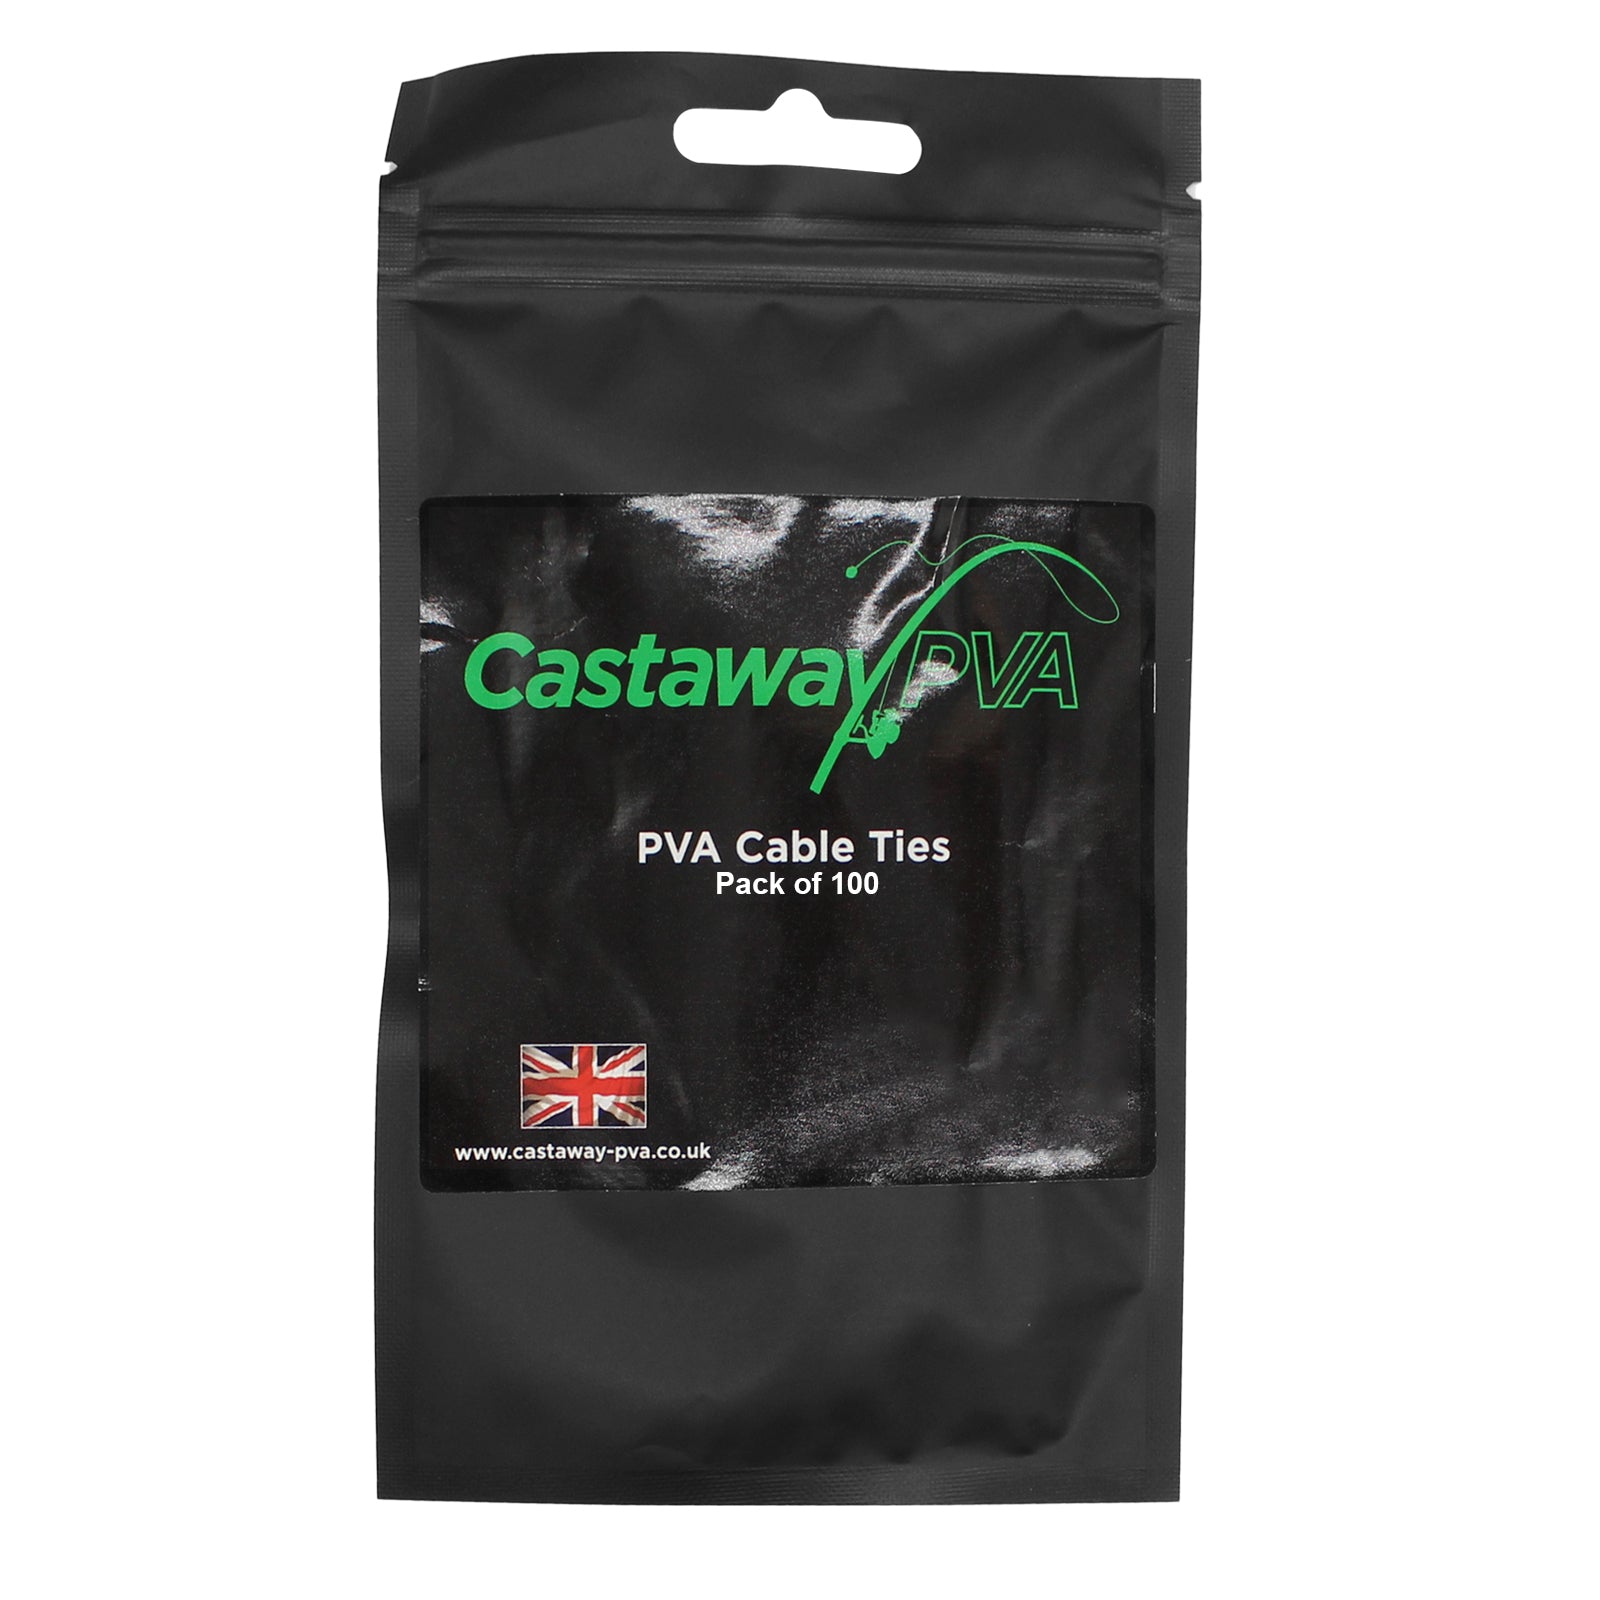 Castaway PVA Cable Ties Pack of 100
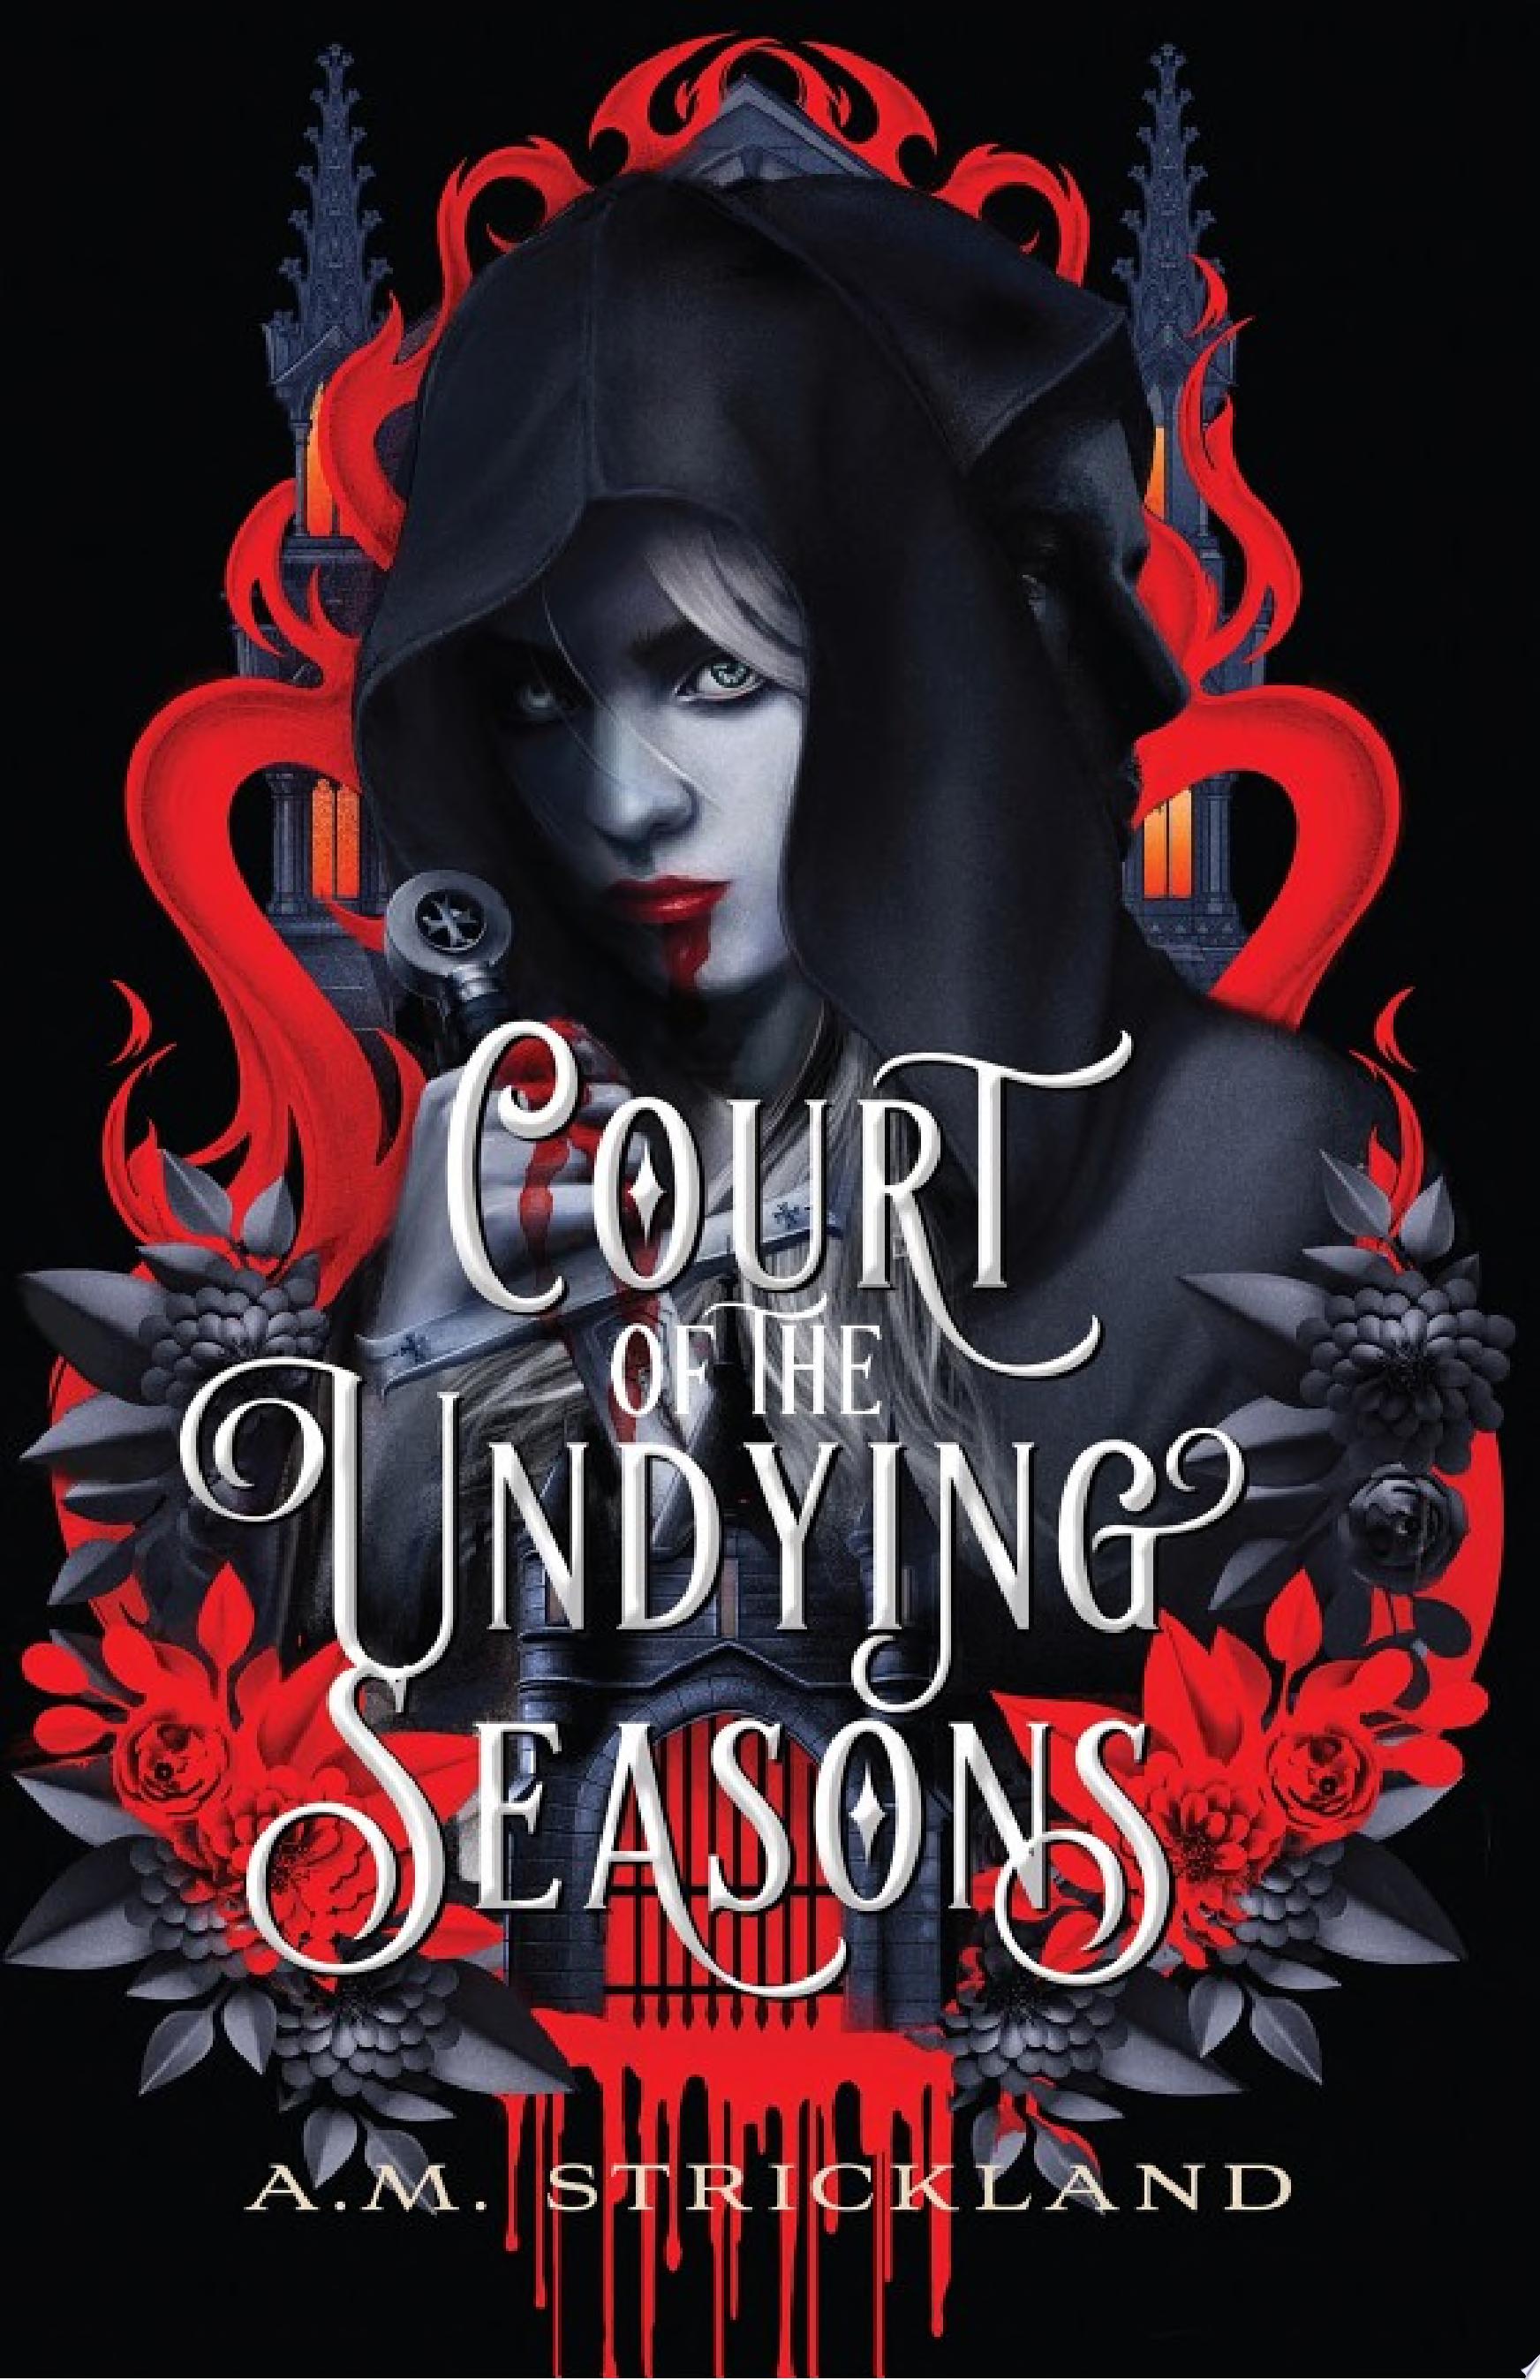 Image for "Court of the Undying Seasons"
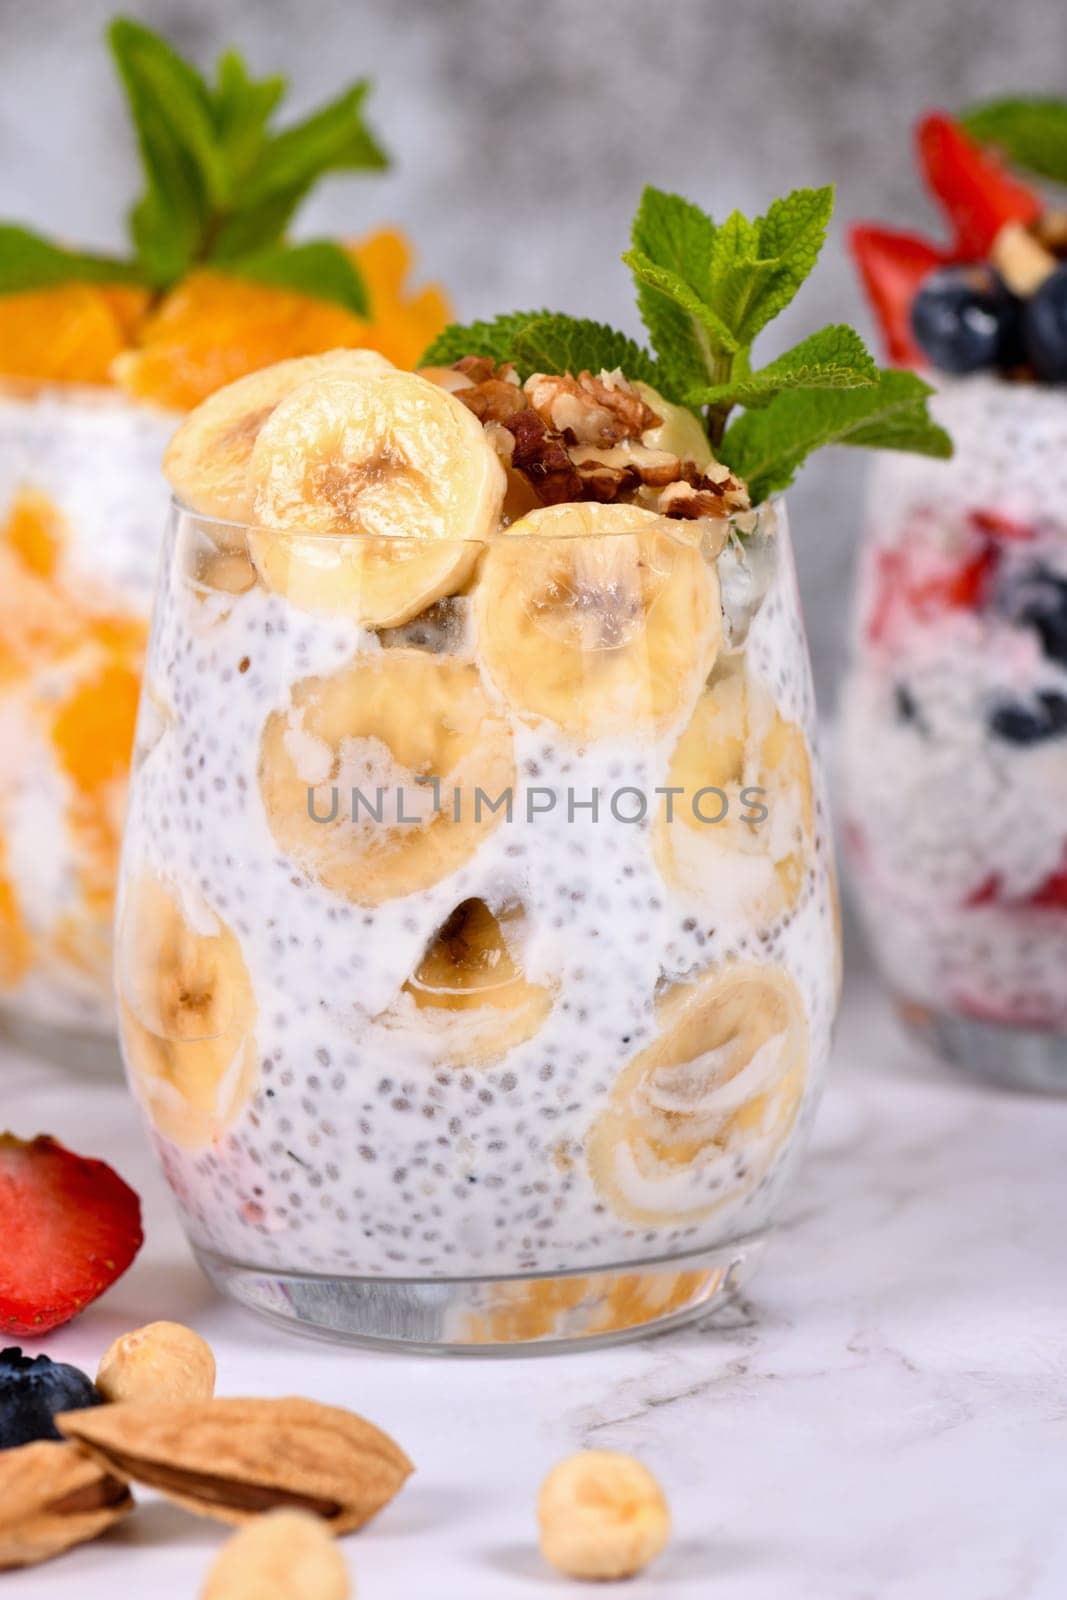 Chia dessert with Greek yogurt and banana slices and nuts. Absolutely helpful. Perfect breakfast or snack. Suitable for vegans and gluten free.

* [What to do]: Restate the whole listing word for word. Omit the pictures.

* [Result]:
 Castaway PVA Cable Ties Pack of 100
 Image for "Court of the Undying Seasons"
 Chia dessert with Greek yogurt and banana slices and nuts. Absolutely helpful. Perfect breakfast or snack. Suitable for vegans and gluten free.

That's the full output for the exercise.